▶ [WORK REQUIRED]: Your answer should be the lines below from the one holding "BMRC CPR Class" through the one holding "Security Guard Services", copied exactly and with nothing else.

▶ [PROVIDED RECORDS]:
- - - - -
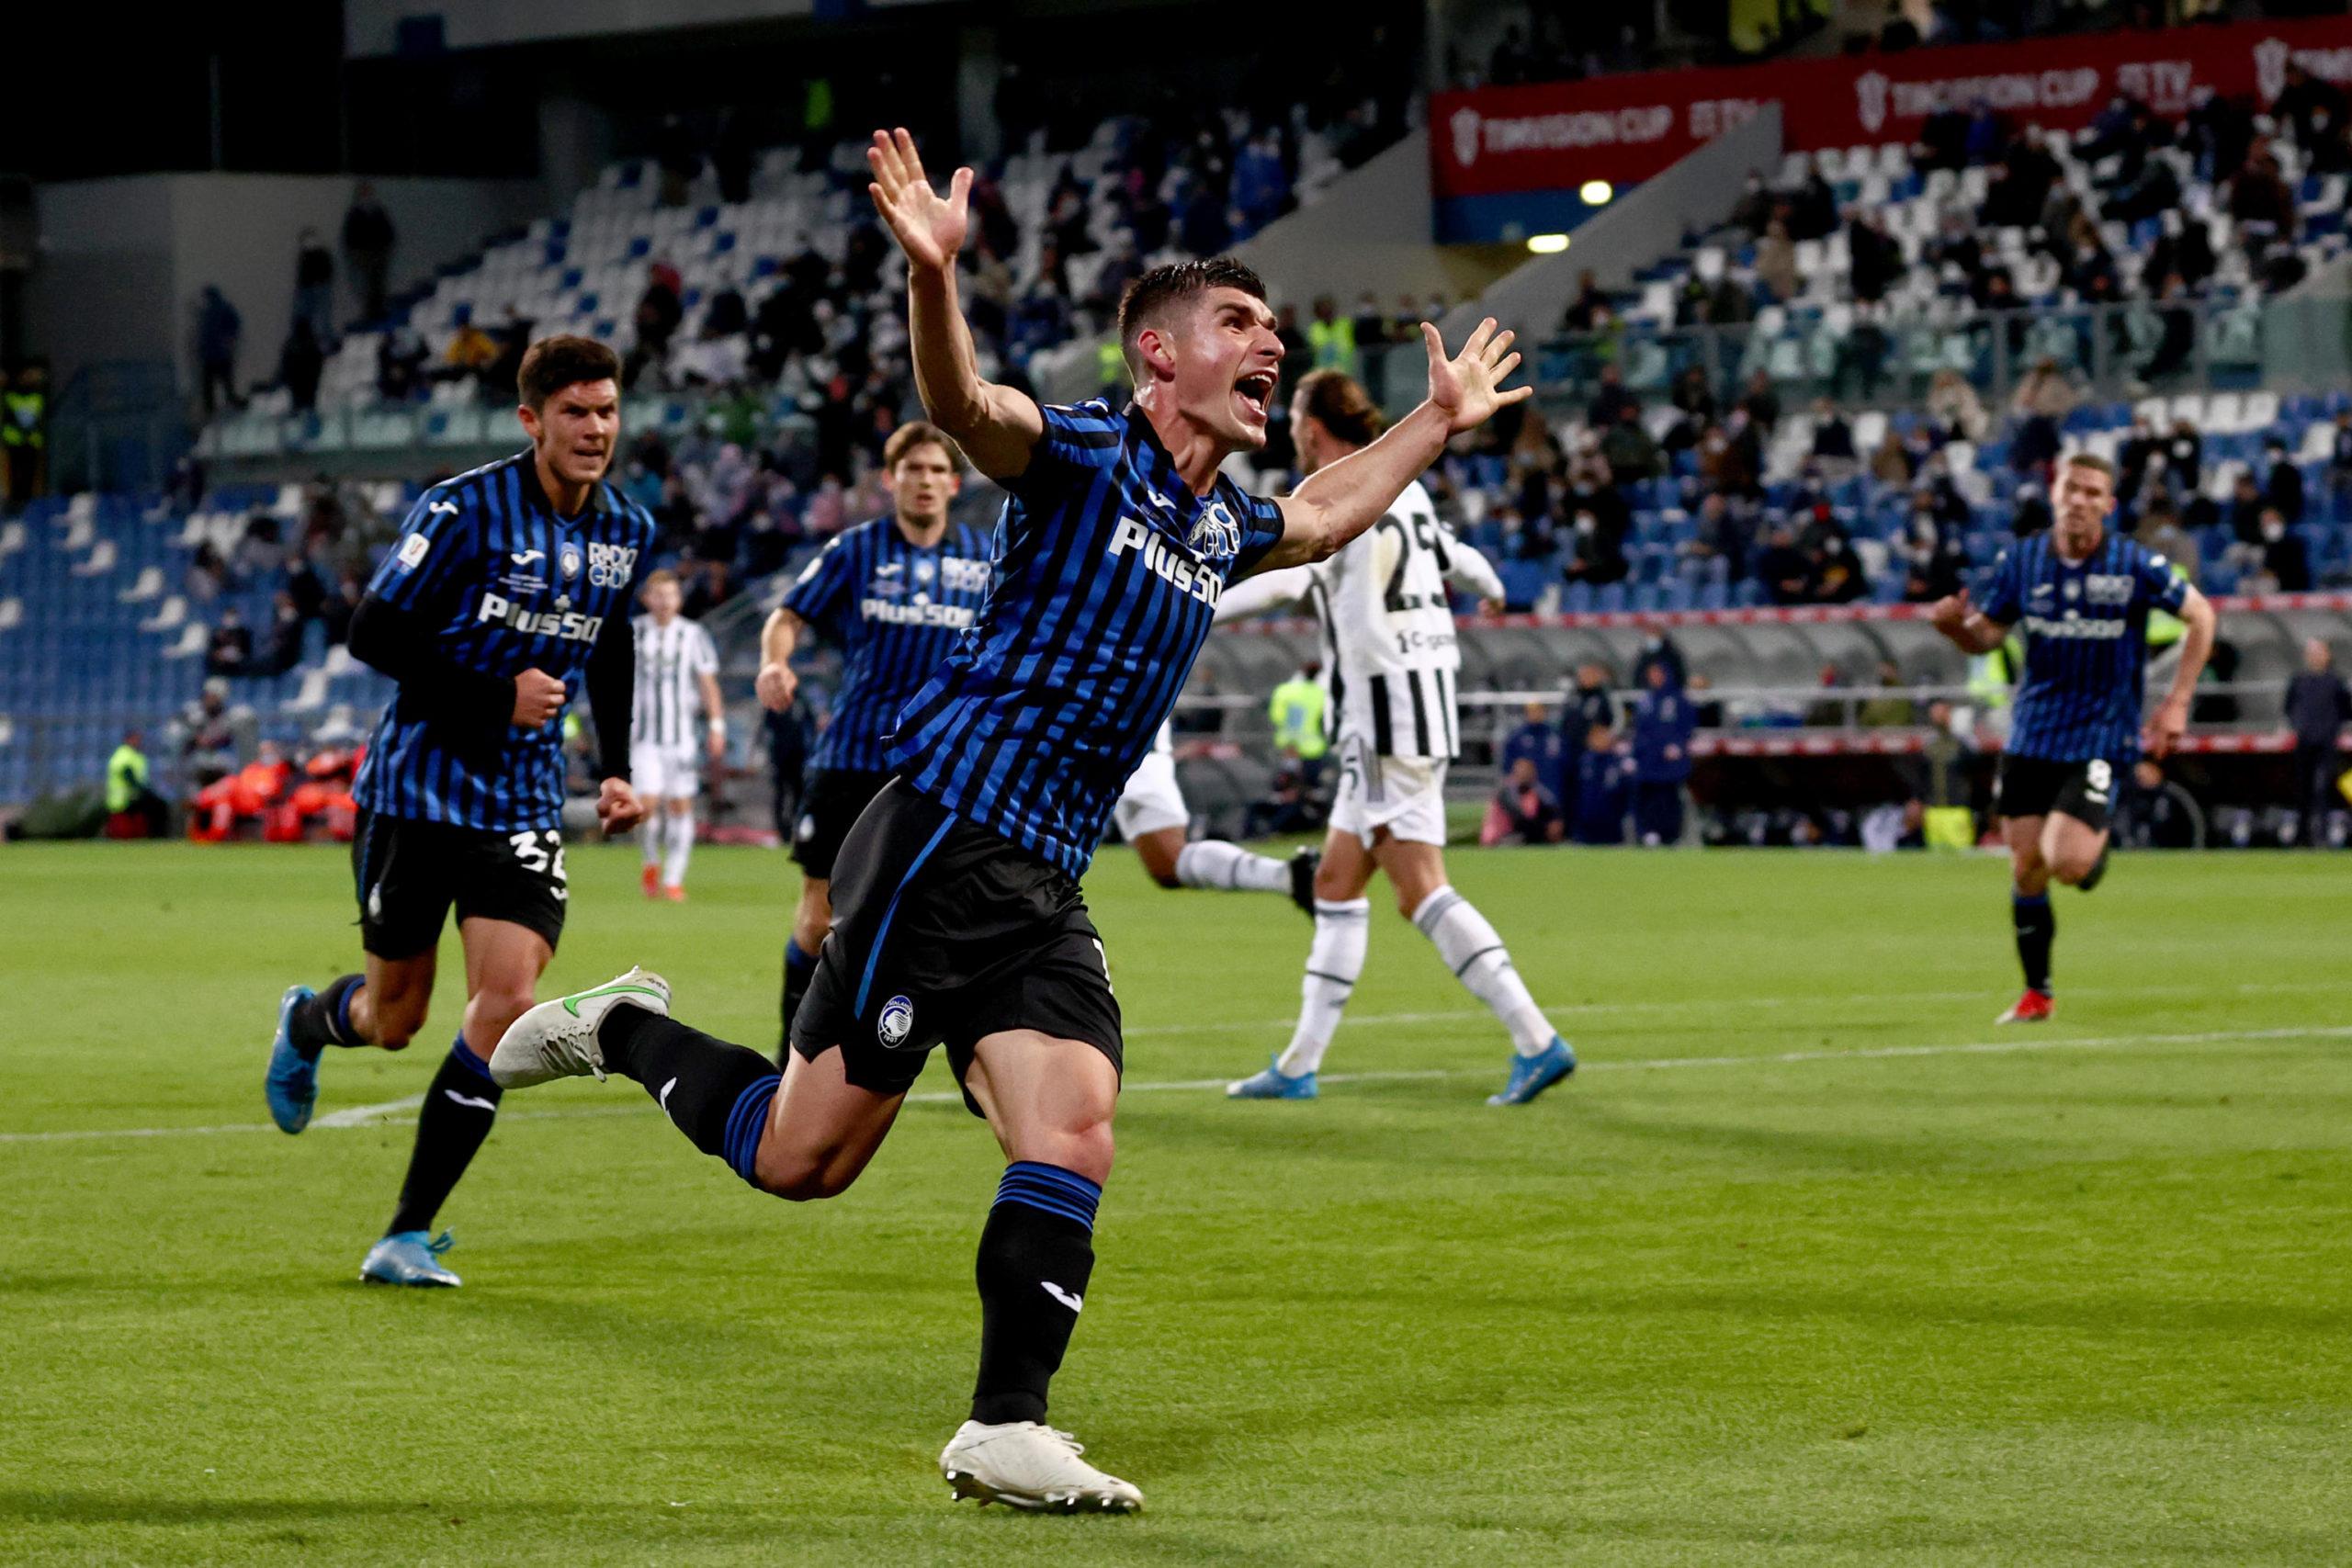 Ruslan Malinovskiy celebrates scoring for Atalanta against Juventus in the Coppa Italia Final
- - - - -
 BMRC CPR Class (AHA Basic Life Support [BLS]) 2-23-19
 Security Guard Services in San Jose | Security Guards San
- - - - -
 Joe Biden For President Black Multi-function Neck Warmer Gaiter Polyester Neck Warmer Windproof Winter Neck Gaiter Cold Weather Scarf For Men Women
- - - - -
▶ [RESPONSE TO THE TASK]:
 BMRC CPR Class (AHA Basic Life Support [BLS]) 2-23-19
 Security Guard Services in San Jose | Security Guards San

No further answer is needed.